Allison B. Cohen

Allison B. Cohen

The Hollywood Sign is one of if not the most recognizable landmarks in the world and for the small Beachwood community in its shadow, the 350-foot long sign with its 45-foot tall letters has become the 800 lb. gorilla they both love and hate.

Solutions, such as residential restricted parking even near the area’s small business district—to stem the crush of tourists trying to get near it for a photograph—are now pitting wealthy homeowners versus merchants and raising questions regarding public access versus public safety.

Petitions are flying everywhere, and today threats of boycotting the area’s tiny business district and lawsuits are now commonplace.

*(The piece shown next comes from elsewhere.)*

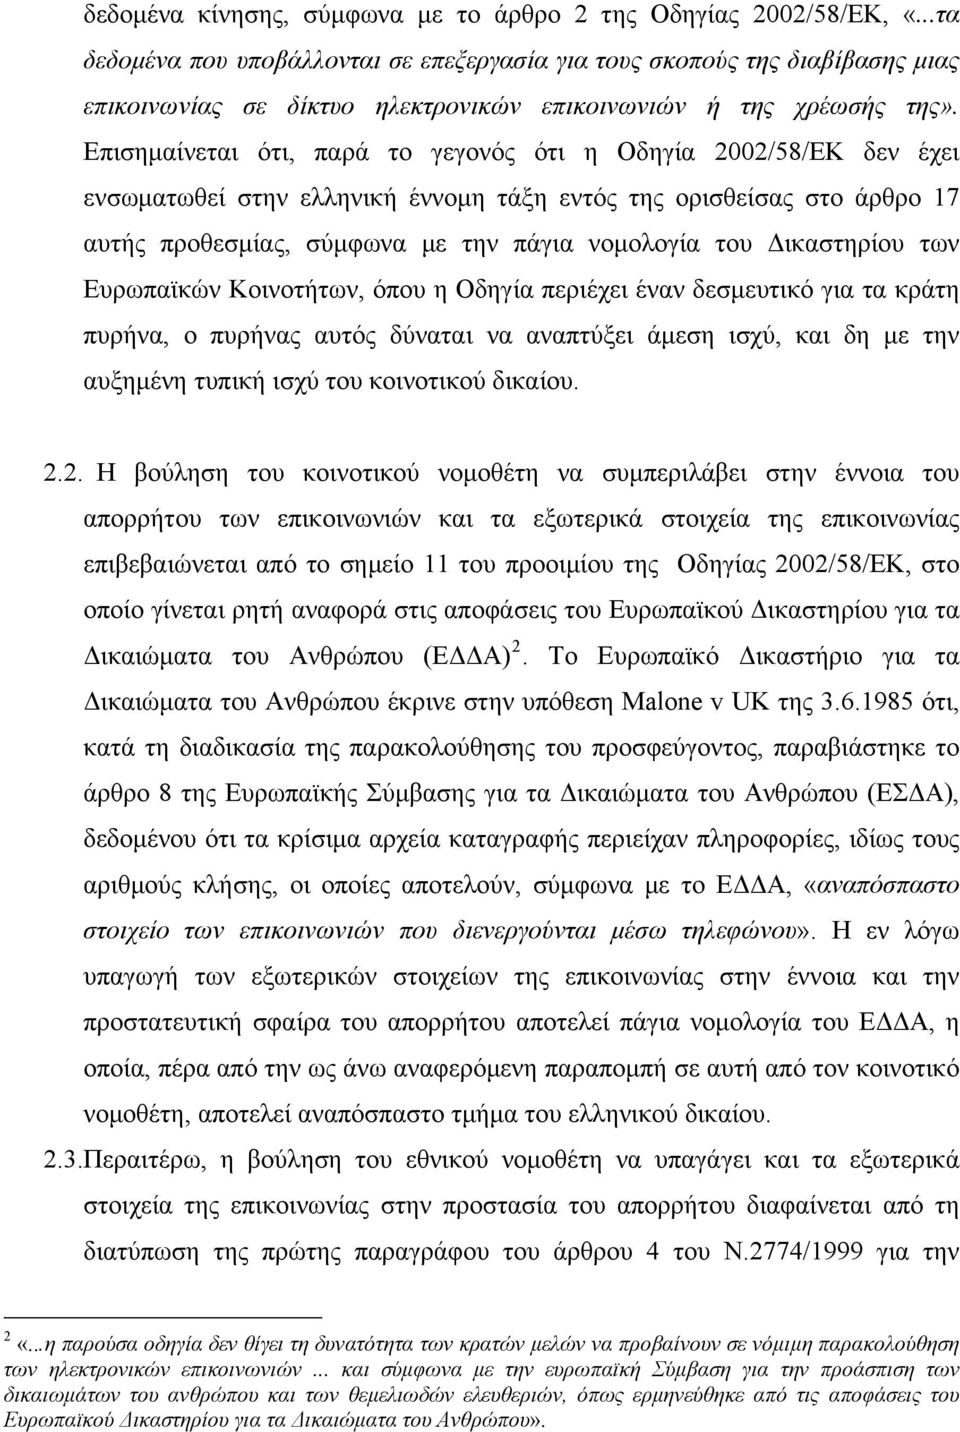 Επισημαίνεται ότι, παρά το γεγονός ότι η Οδηγία 2002/58/ΕΚ δεν έχει ενσωματωθεί στην ελληνική έννομη τάξη εντός της ορισθείσας στο άρθρο 17 αυτής προθεσμίας, σύμφωνα με την πάγια νομολογία του

The problem started about 10 years ago as smart phones became ubiquitous offering GPS directions to the once hard-to-locate entrance at the end of Beachwood Drive to the sign. Since then, tourists in cars and on foot have transformed the once quiet area into what looks like the parking line trying to get into Disneyland or out of Coachella.

The issue has been one of the most emergent to solve for new Los Angeles City Councilmember David Ryu. No one disagrees the situation has become untenable. Some fixes are now in place, but so far, no one has been able to come up with a solution that will work for the entire community.

According to Ryu’s Chief of Staff Sarah Dusseault, the councilmember will release a “Hollywood Sign Action Plan” soon, addressing and hopefully providing solutions for the entire hillside by the landmark.

Relief could not come soon enough for everyone involved: residents, businesses, hikers in the area and even tourists.

“It’s a bad experience for everyone,” said Beachwood resident Jack Conrad. “Bad for the tourists, bad for the businesses. Bad for the residents.”